The same can be said about Kwame Nkrumah, who referred to his own ideology as Consciencism or Nkrumahism and who theorized categorial conversion and a form of pan-nationalism that would be unrecognizable to Marx. This is not to say that Consciencism or Nkrumahism draws absolutely nothing from Marx. Nkrumah stated that he was inspired by Hegel, Marx, Lenin, and above all else, Garvey. Yet, there is no rush to label Nkrumah a Garveyite or to give Garvey undue credit for the crux of Nkrumah’s work in a way that some are adamant to label Nkrumah a Marxist.
It should be obvious that I do not subscribe to Afrocentrism nor African cultural nationalism, nor do I believe in the existence of what some refer to as African socialism. I organize for revolutionary Pan-Africanism, African liberation and recognize that scientific socialism is universal and belongs to all. My argument is not that we should stop reading Karl Marx. We should read anything and everything we can get our hands on. However, there is no reason to treat Karl Marx as the inventor or the be all end all of socialism while disregarding colonized people who have led successful socialist revolutions or relegating their works to the category of supplementary reading. I do not read Kwame Nkrumah as a supplementary text to better understand Karl Marx. I may read Marx to understand Nkrumah better.
To be clear, some of the ancestors that I admire and learn from the most are Marxist-Leninists.

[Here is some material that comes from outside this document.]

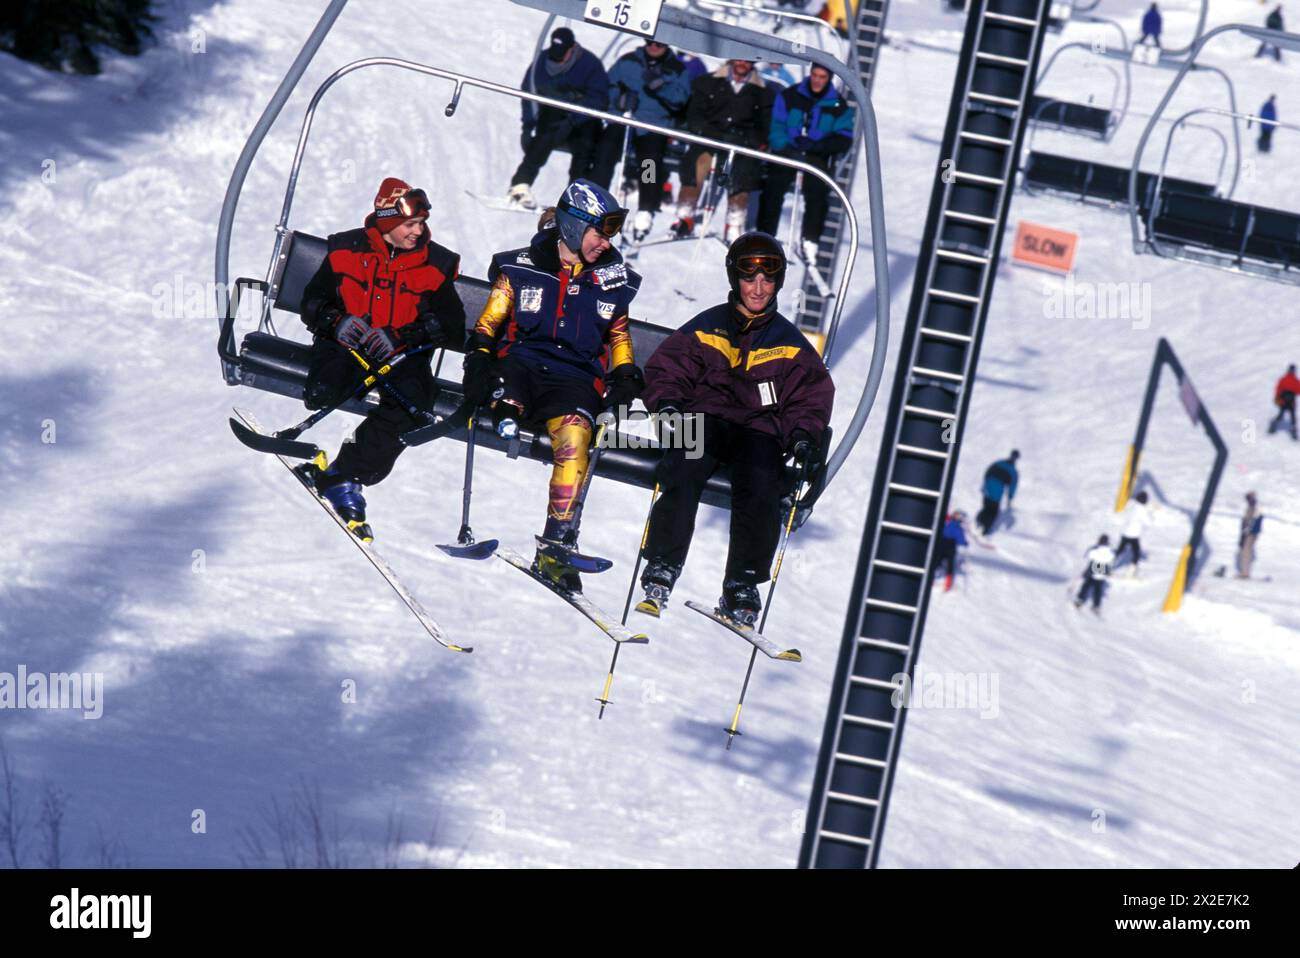 Behinderte Abfahrtsskifahrer Allison Jones, Training im Winter Park Resort, Colorado-Reiten Sessellift mit anderen behinderten Skifahrern Stockfoto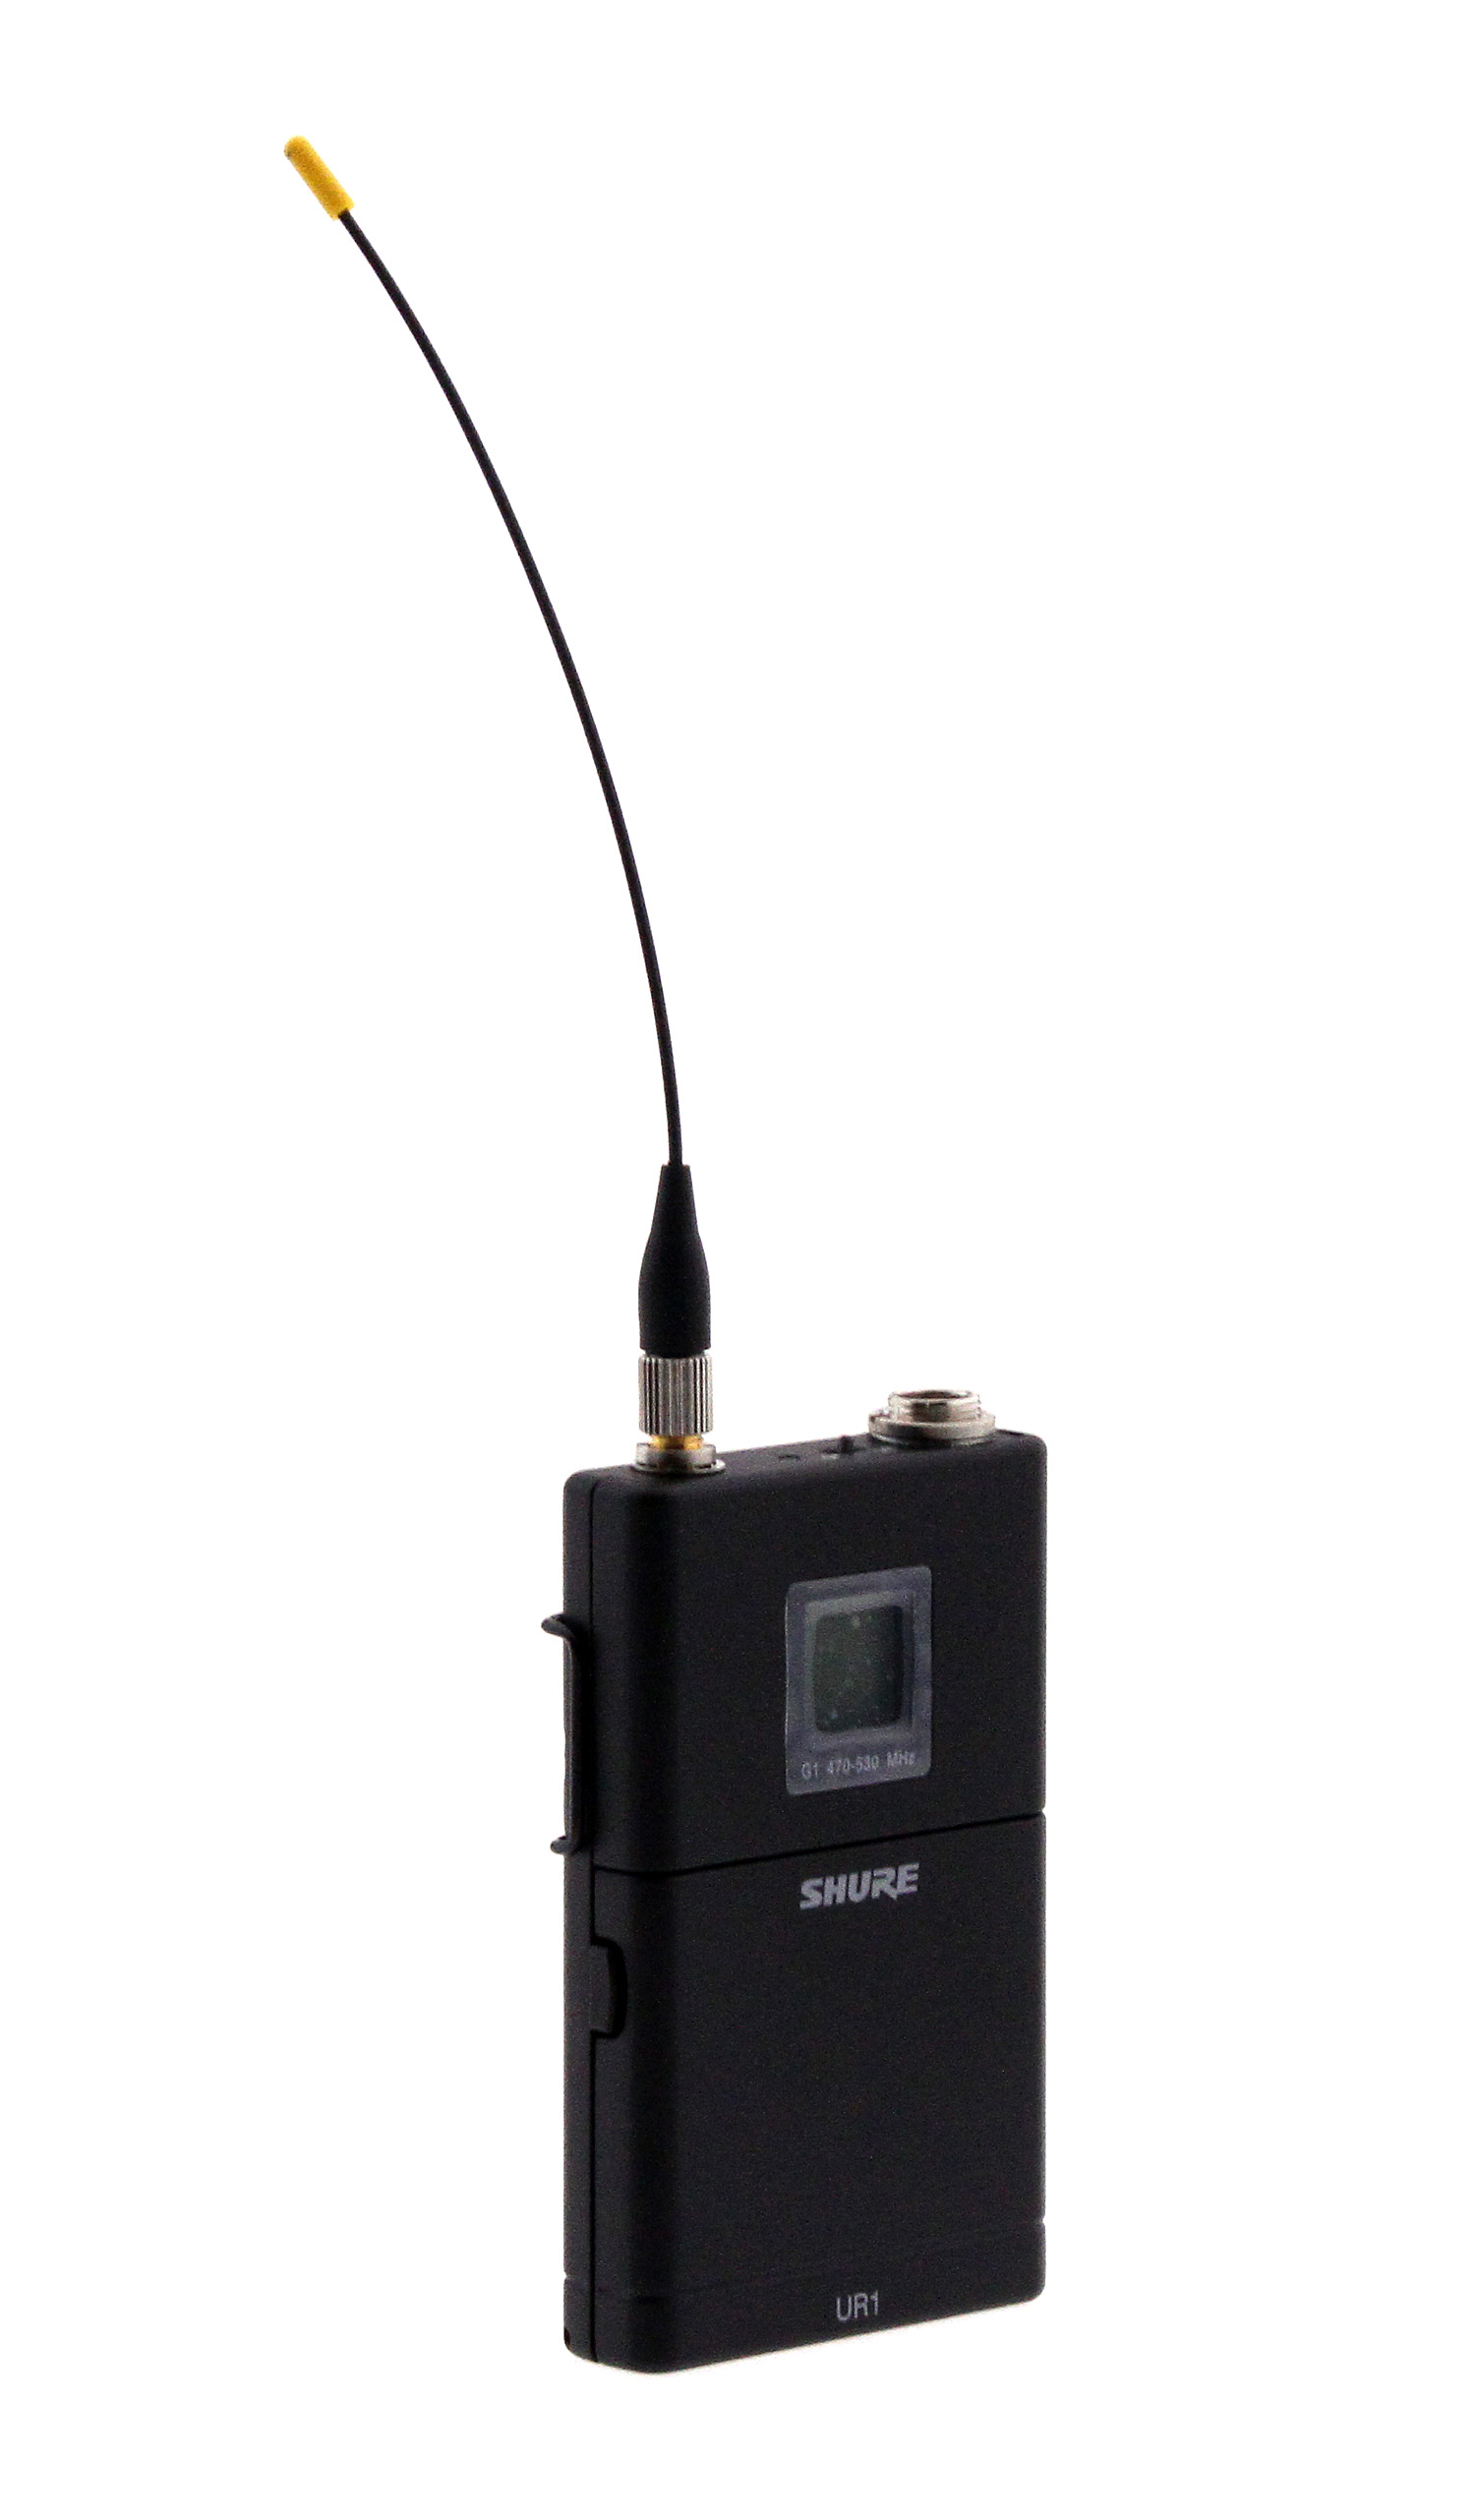 Shure UR1 Body-Pack Transmitter - G1 / 470-530MHz (Open Box)

Praise and dedicated study are due to Thomas Sankara, Walter Rodney, Claudia Jones, and many others. Still, let us be honest and acknowledge that there are other scientifically grounded ideologies in the African world and amongst Indigenous and colonized peoples worldwide.
Once there is a broader effort to distinguish Marxism, a specific ideology, and scientific socialism, an objective, and universal truth, it will be easier to organize the African masses and bring them to a revolutionary ideology based on science that speaks to their conditions, their history, and their struggles. Many Africans who are repelled by the word Marxism react to their aversion by subscribing to nonscientific approaches to overcome oppression. It is our task to assure that we do not replicate European chauvinism within our own communities by giving Marx undue credit for a science that does not belong to him and that can be found in other ideologies besides the ones named after him. It is only then that we will be able to reach those of our people that have been driven away.